How to Choose the Right Subdural Haematoma Doctor
Acute subdural is an emergency: go to the nearest neurosurgical centre with twenty-four-hour computed tomography, theatre, and intensive care unit. For chronic and recurrent chronic subdurals, choose a centre offering middle meningeal artery embolisation alongside standard surgery. Ask about recurrence rates, anticoagulation reversal protocols, and rehabilitation pathways.
International Patient Support
Subdural haematoma surgery in India, including middle meningeal artery embolisation, costs significantly less than in Western countries with full-quality outcomes. Cancer Rounds arranges the medical visa invitation letter, accommodation, multilingual support in eleven plus languages, and a single case manager throughout. Patients travel from Nigeria, Bangladesh, Kenya, Ethiopia, Iraq, Oman, and the United Arab Emirates for recurrent chronic subdural management.
Frequently Asked Questions
What is the difference between acute and chronic subdural?
Acute develops within hours to days of head injury and appears bright on computed tomography. Chronic develops over weeks (often after a minor or forgotten injury) and appears dark on imaging. They behave differently and need different treatment.
Do all subdurals need surgery?
No. Small subdurals with no mid-line shift and stable neurology are watched with repeat imaging. Surgery is for haematomas with mass effect, neurological deficit, or growing size on imaging.

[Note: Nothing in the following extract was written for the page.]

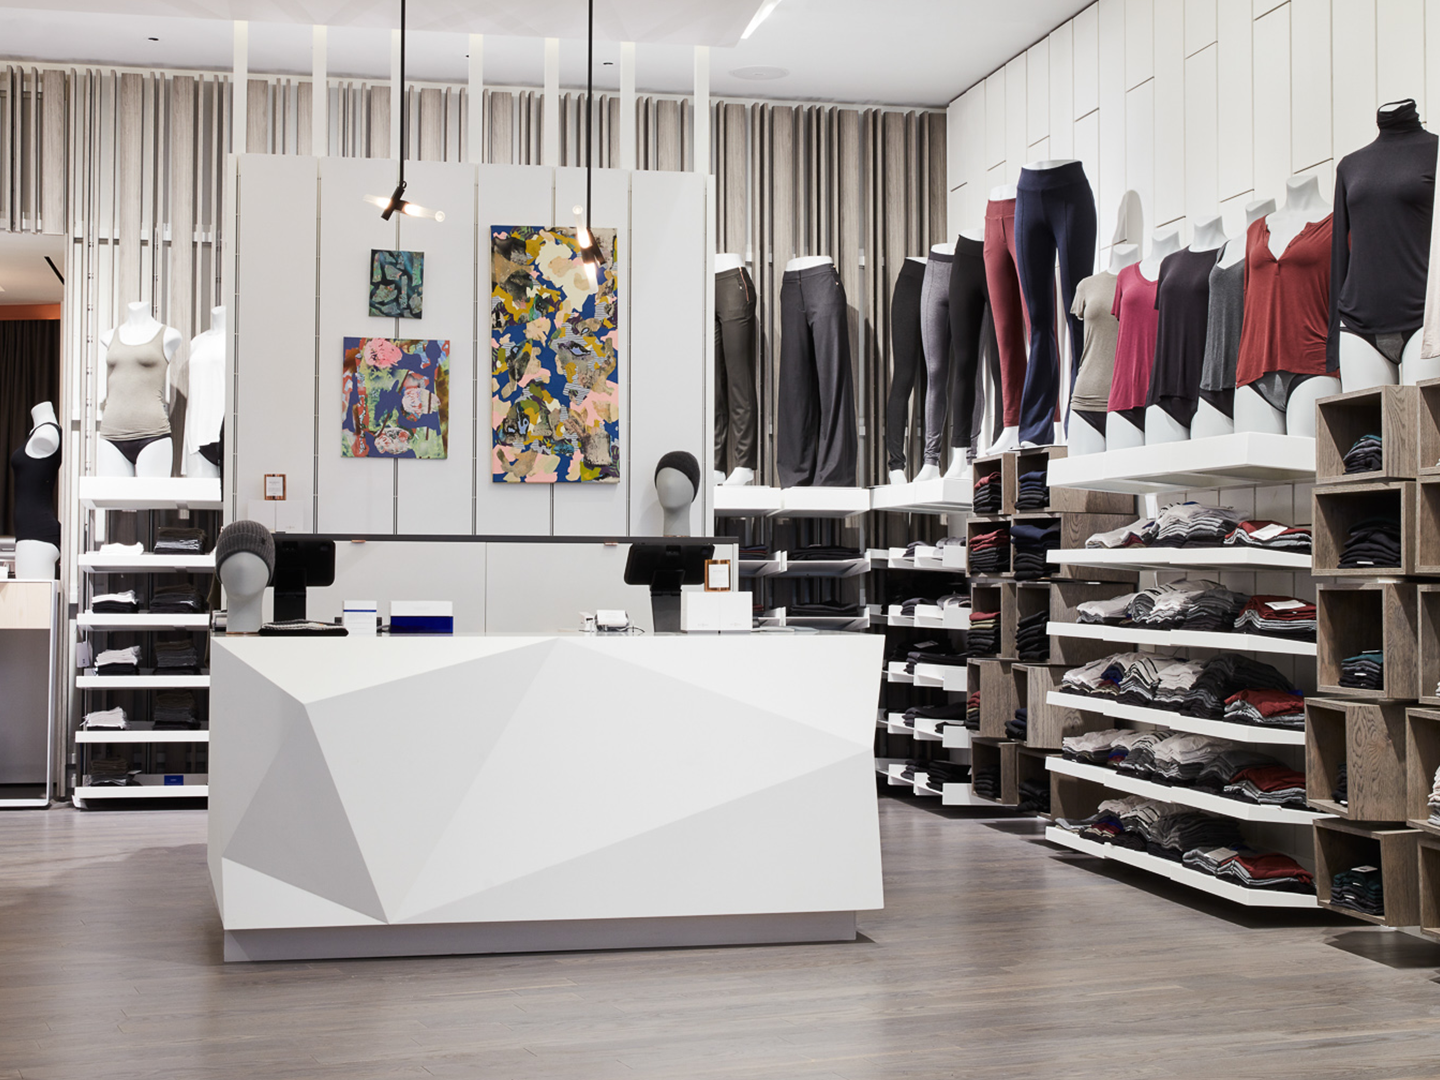 Kit & Ace Store Design - Custom Retail Fixtures - Wall Shelving - Retail Shelving - Retail Display Shelves

What is middle meningeal artery embolisation?
An endovascular procedure that blocks the artery feeding the membrane that surrounds the chronic haematoma. It reduces recurrence rates after burr hole evacuation and can also treat selected chronic subdurals without surgery. It is now standard practice at high-volume centres.
Should I stop my blood thinners after a subdural?
Anticoagulation is held perioperatively and reversed in emergencies. Restarting depends on the original indication (atrial fibrillation, mechanical valve, recurrent venous thromboembolism). The decision balances bleeding and clotting risks with the neurosurgical and cardiology teams.
Will I get another subdural?
Around ten to twenty percent of chronic subdurals recur after standard evacuation. Middle meningeal artery embolisation lowers this. Fall prevention, alcohol reduction, and careful anticoagulant choice further reduce risk.
How long is the recovery?
For chronic subdural, hospital stay is typically three to seven days with full recovery over four to six weeks. Acute traumatic subdural recovery depends on the underlying brain injury and can take months, with ongoing rehabilitation.